1. a thin-film solar cells, comprise front electrode layer, semiconductor layer and dorsum electrode layer, it is characterized in that: also comprise tunnelling rectification layer, described tunnelling rectification layer is arranged between described front electrode layer and semiconductor layer, or tunnelling rectification layer is arranged between described semiconductor layer and dorsum electrode layer, or tunnelling rectification layer is arranged between front electrode layer and semiconductor layer simultaneously, and between semiconductor layer and dorsum electrode layer;

Described tunnelling rectification layer is single or multiple lift structure, and the material of every layer in the single or multiple lift structure of tunnelling rectification layer is at least one in metal oxide, metal nitride, metal sulfide, metal fluoride.
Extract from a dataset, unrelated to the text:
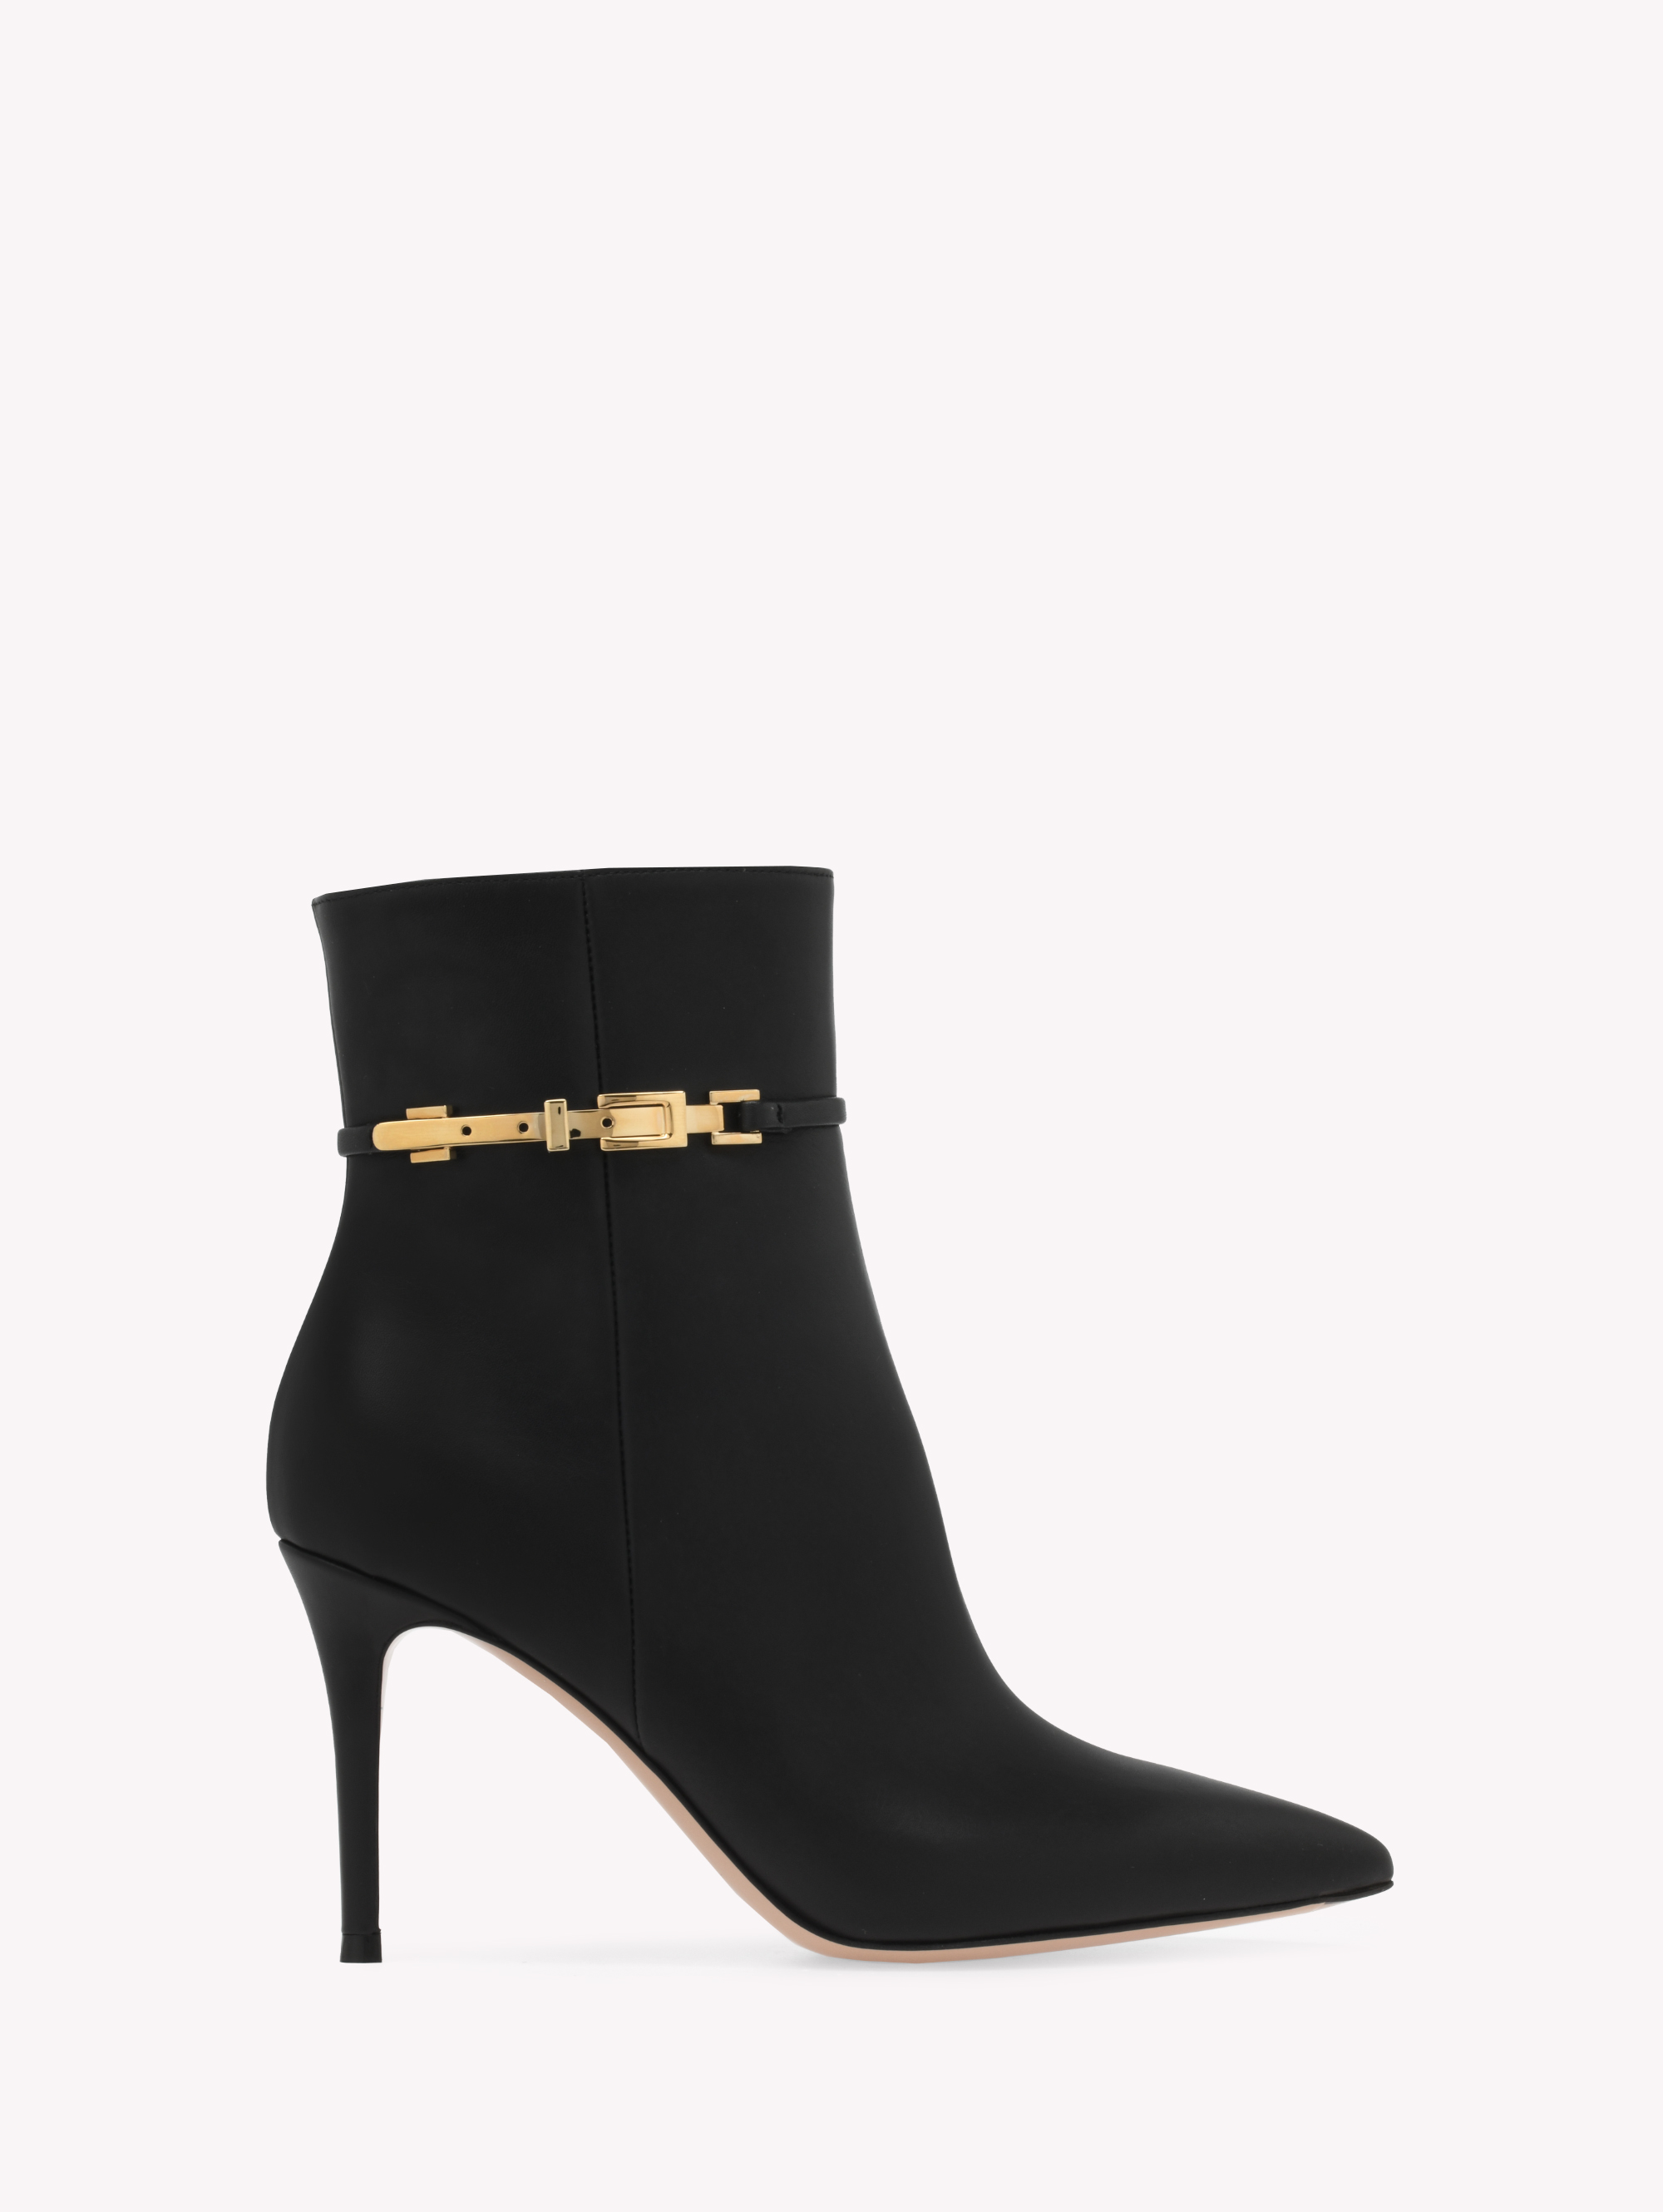 Shop Gianvito Rossi Carrey Bootie 85 In Black Leather

2. thin-film solar cells according to claim 1, is characterized in that: described metal oxide is at least one in aluminium oxide, silica, zinc oxide, titanium oxide, nickel oxide, stannous oxide, cuprous oxide, cupric oxide, hafnium oxide, zirconia.

3. thin-film solar cells according to claim 1, is characterized in that: described metal nitride is at least one in aluminium nitride, silicon nitride.

4. thin-film solar cells according to claim 1, is characterized in that: described metal sulfide is at least one in copper sulfide, cuprous sulfide, copper aluminium sulphur, zinc cadmium copper sulphur.

5. thin-film solar cells according to claim 1, is characterized in that: described metal fluoride is at least one in calcirm-fluoride, sodium fluoride.

6. thin-film solar cells according to claim 1, is characterized in that: the thickness of described tunnelling rectification layer is 0.1nm-50nm, and preferred thickness is 0.5nm-20nm.

7. the thin-film solar cells according to any one of claim 1-6, is characterized in that: described thin-film solar cells is at least one in cadmium telluride diaphragm solar battery, copper-indium-galliun-selenium film solar cell, copper zinc selenium sulfur thin-film solar cells, Ca-Ti ore type thin-film solar cells and organic thin film solar cell.

8. the preparation method of the thin-film solar cells according to any one of claim 1-7, is characterized in that: described tunnelling rectification layer adopts at least one method preparation in ald, physical vapour deposition (PVD), pulsed laser deposition, chemical vapour deposition (CVD) and spin-coating method.

9. the thin-film solar cells prepared of preparation method according to claim 8, it is characterized in that: described tunnelling rectification layer is metal oxide layer prepared by ald, described metal oxide layer is specially alumina layer, nickel oxide layer, copper oxide or titanium oxide layer, and the thickness of described metal oxide layer is 0.1nm-50nm.

10. the thin-film solar cells prepared of preparation method according to claim 8, is characterized in that: described tunnelling rectification layer is the copper sulfide layer prepared of spin-coating method or sulphur copper cadmium layer, and the thickness of described copper sulfide layer or sulphur copper cadmium layer is 0.1nm-50nm.